▸ **DATA PROVIDED**:
___

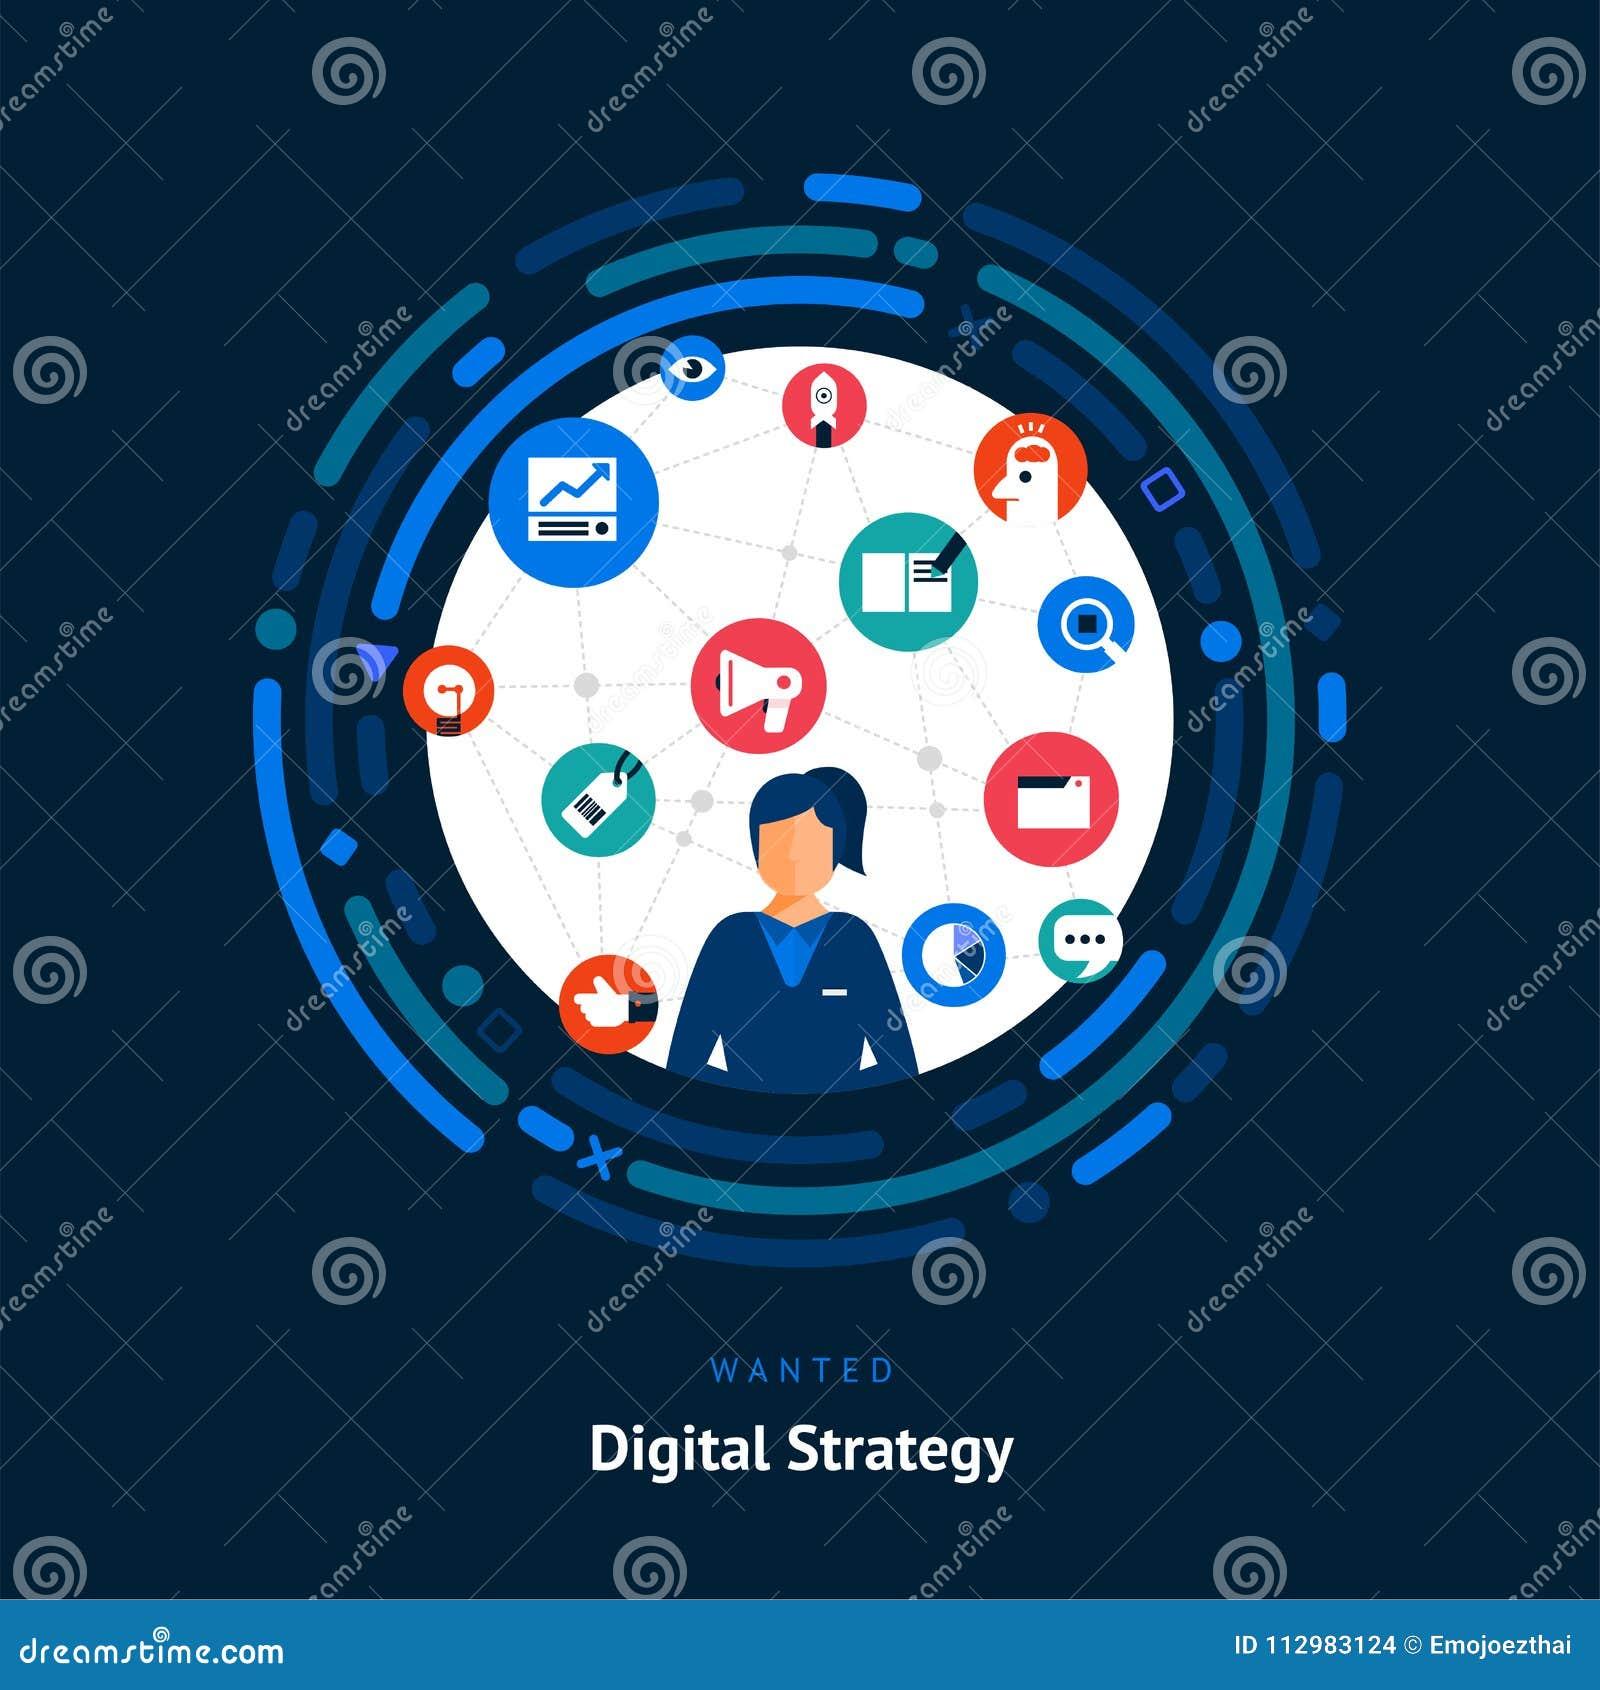 Digital_Strategist
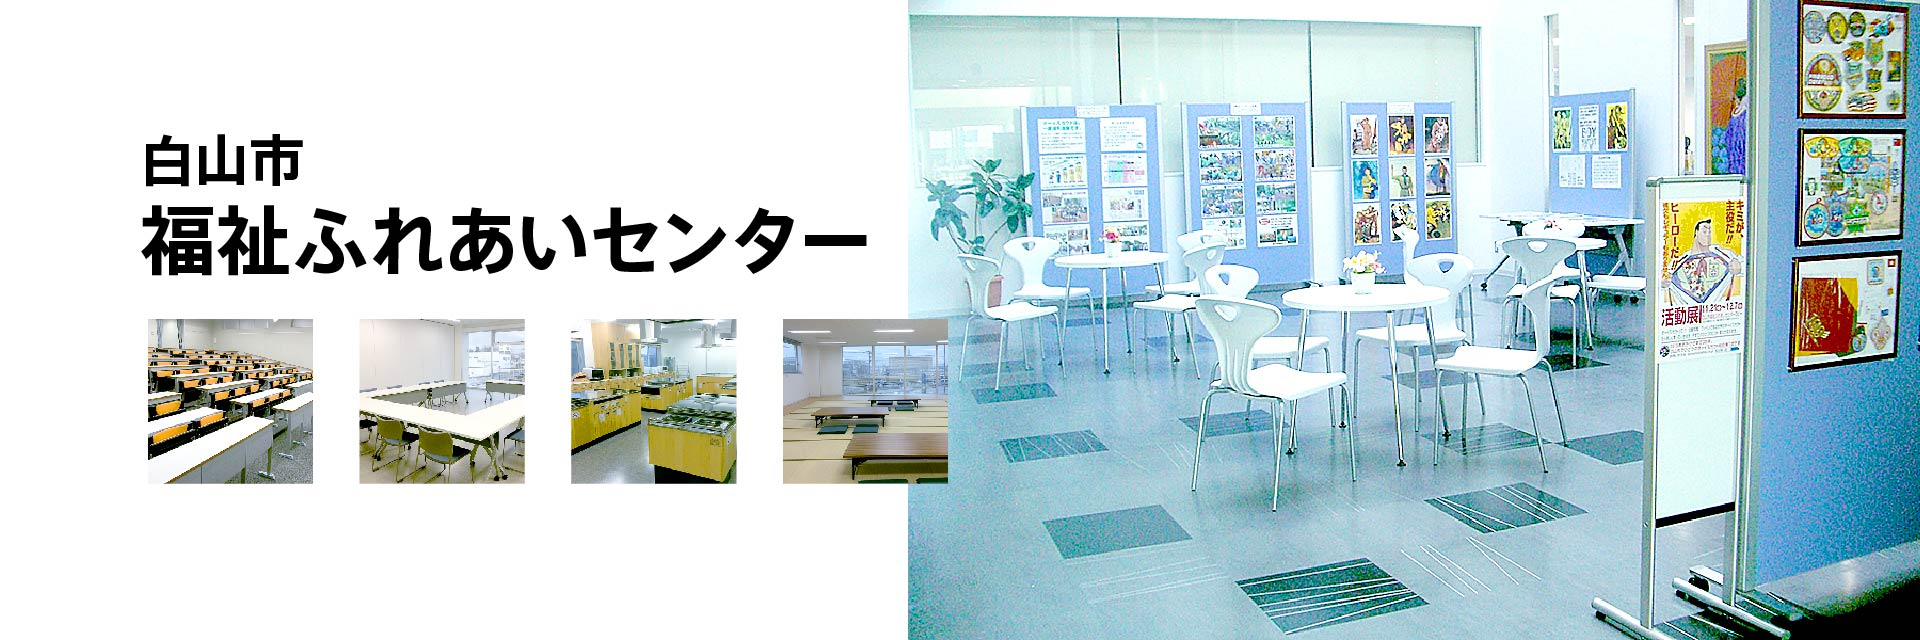 http://hakusanshi-syakyo.jp/wp-content/uploads/2019/05/topimg_fureai.jpg白山市福祉ふれあいセンター
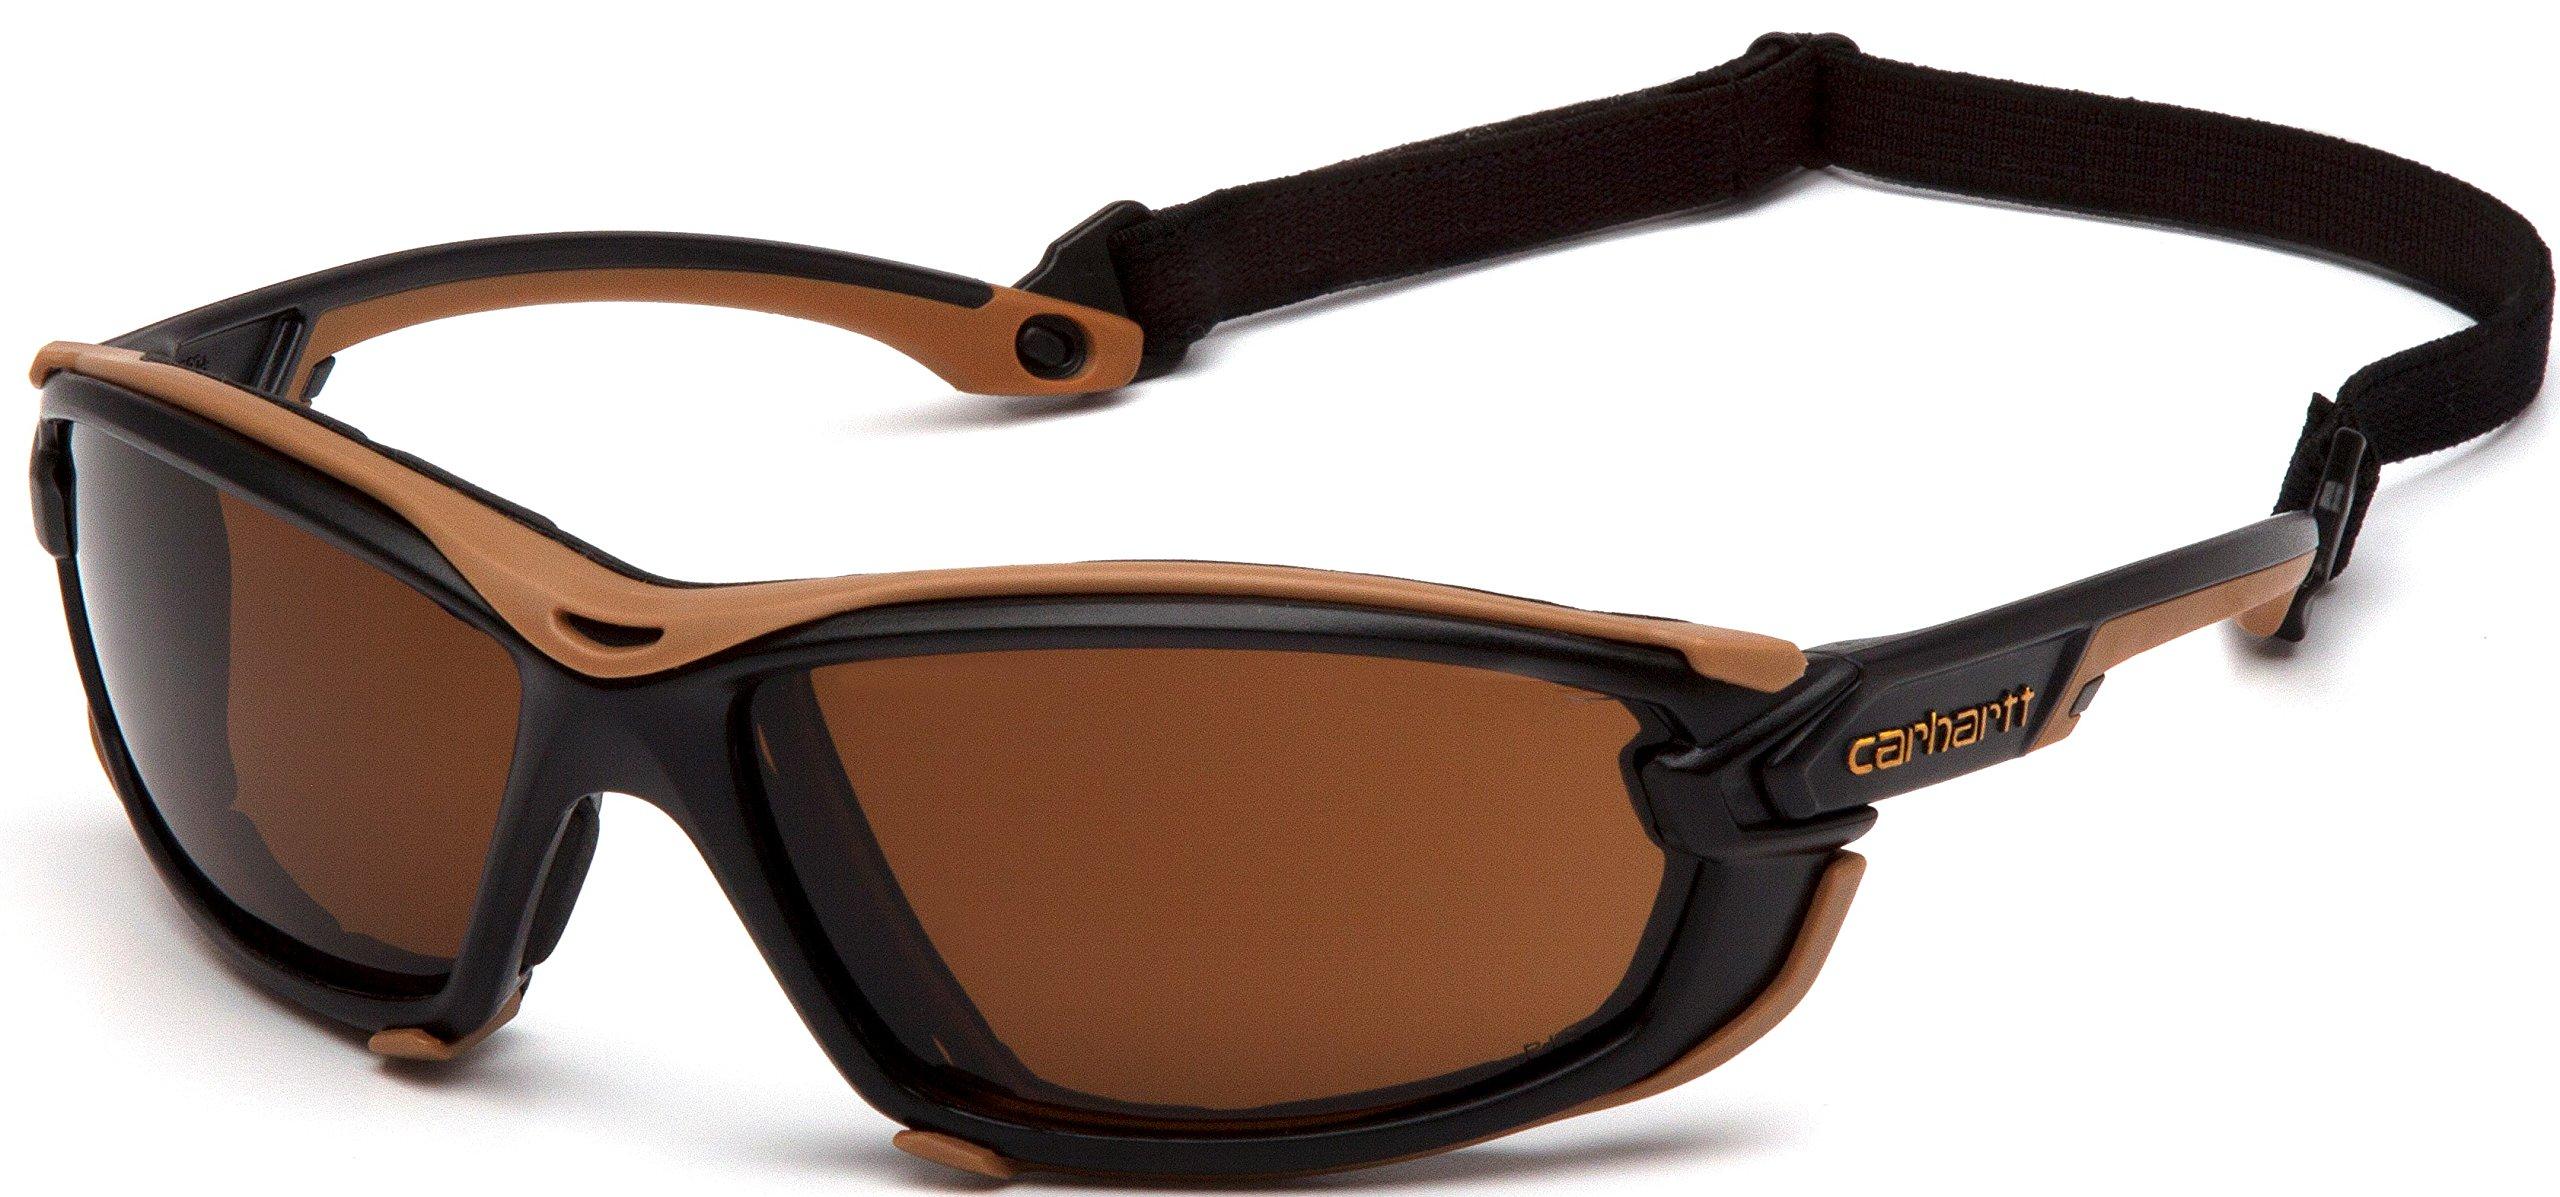 Carhartt Toccoa Safety Glasses, Black/Tan Frame, Sandstone Bronze H2MAX Anti-Fog Lens
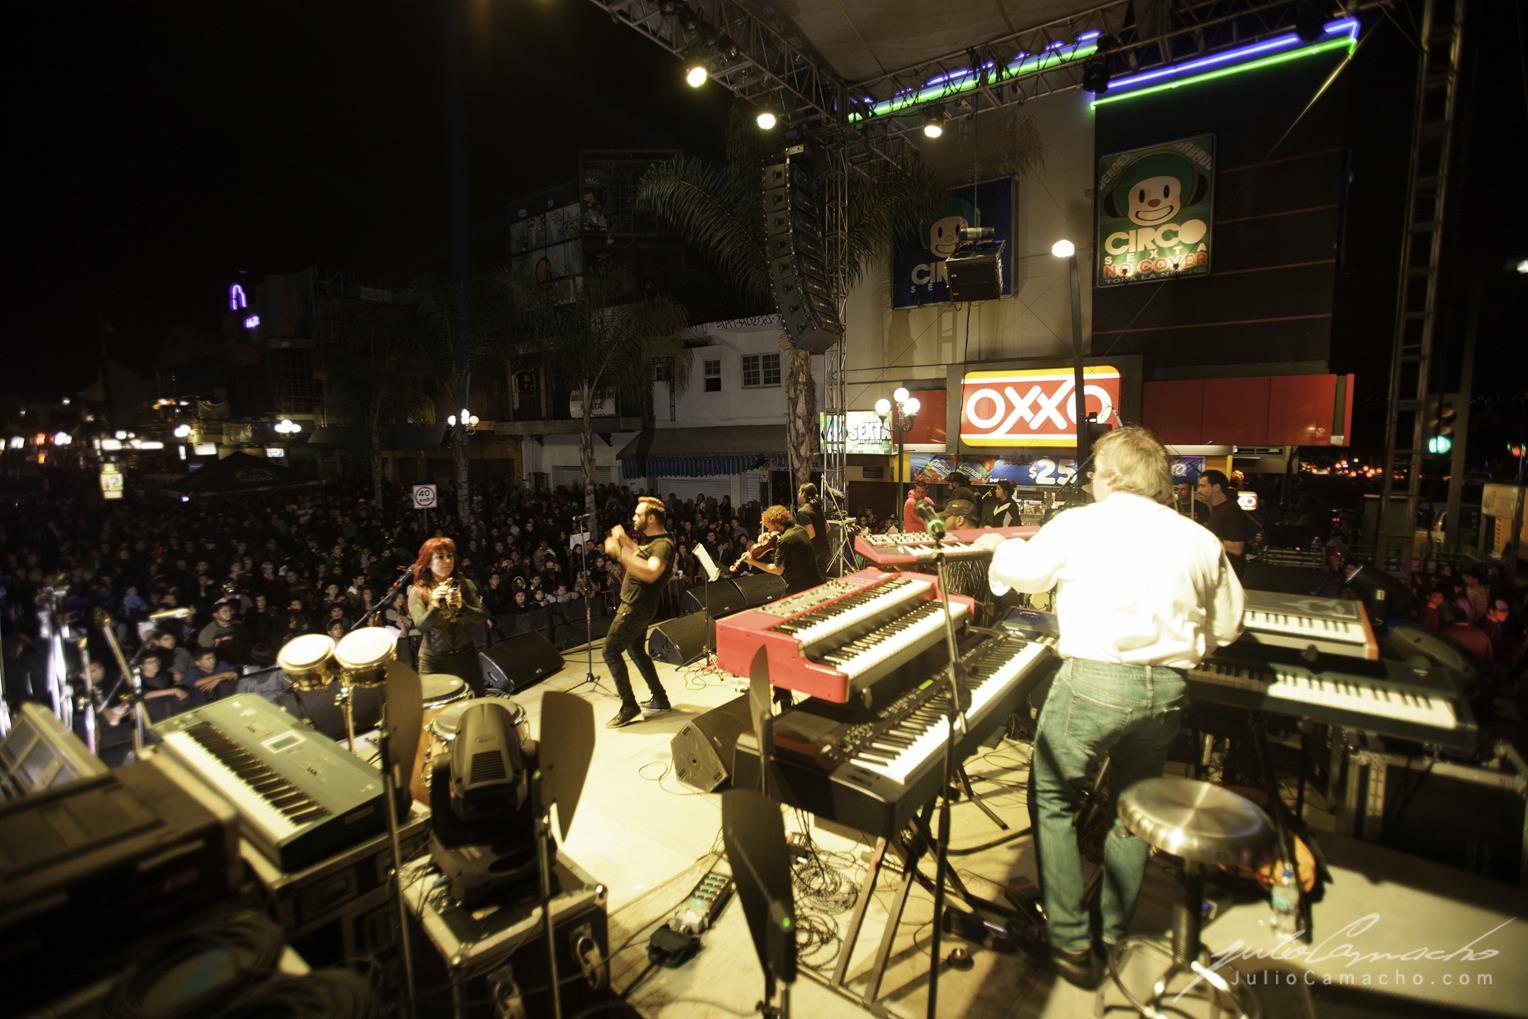 2014-10-30 31 CAST TOUR Ensenada y Tijuana - 1708 - www.Juli (Copy).jpg

___

▸ **INSTRUCTIONS FOR THE TASK**:
Pictures stay out of the answer; the rest of the listing above is returned exactly.

▸ **SOLUTION**:
 Digital_Strategist
 http://hakusanshi-syakyo.jp/wp-content/uploads/2019/05/topimg_fureai.jpg白山市福祉ふれあいセンター
 Carhartt Toccoa Safety Glasses, Black/Tan Frame, Sandstone Bronze H2MAX Anti-Fog Lens
 2014-10-30 31 CAST TOUR Ensenada y Tijuana - 1708 - www.Juli (Copy).jpg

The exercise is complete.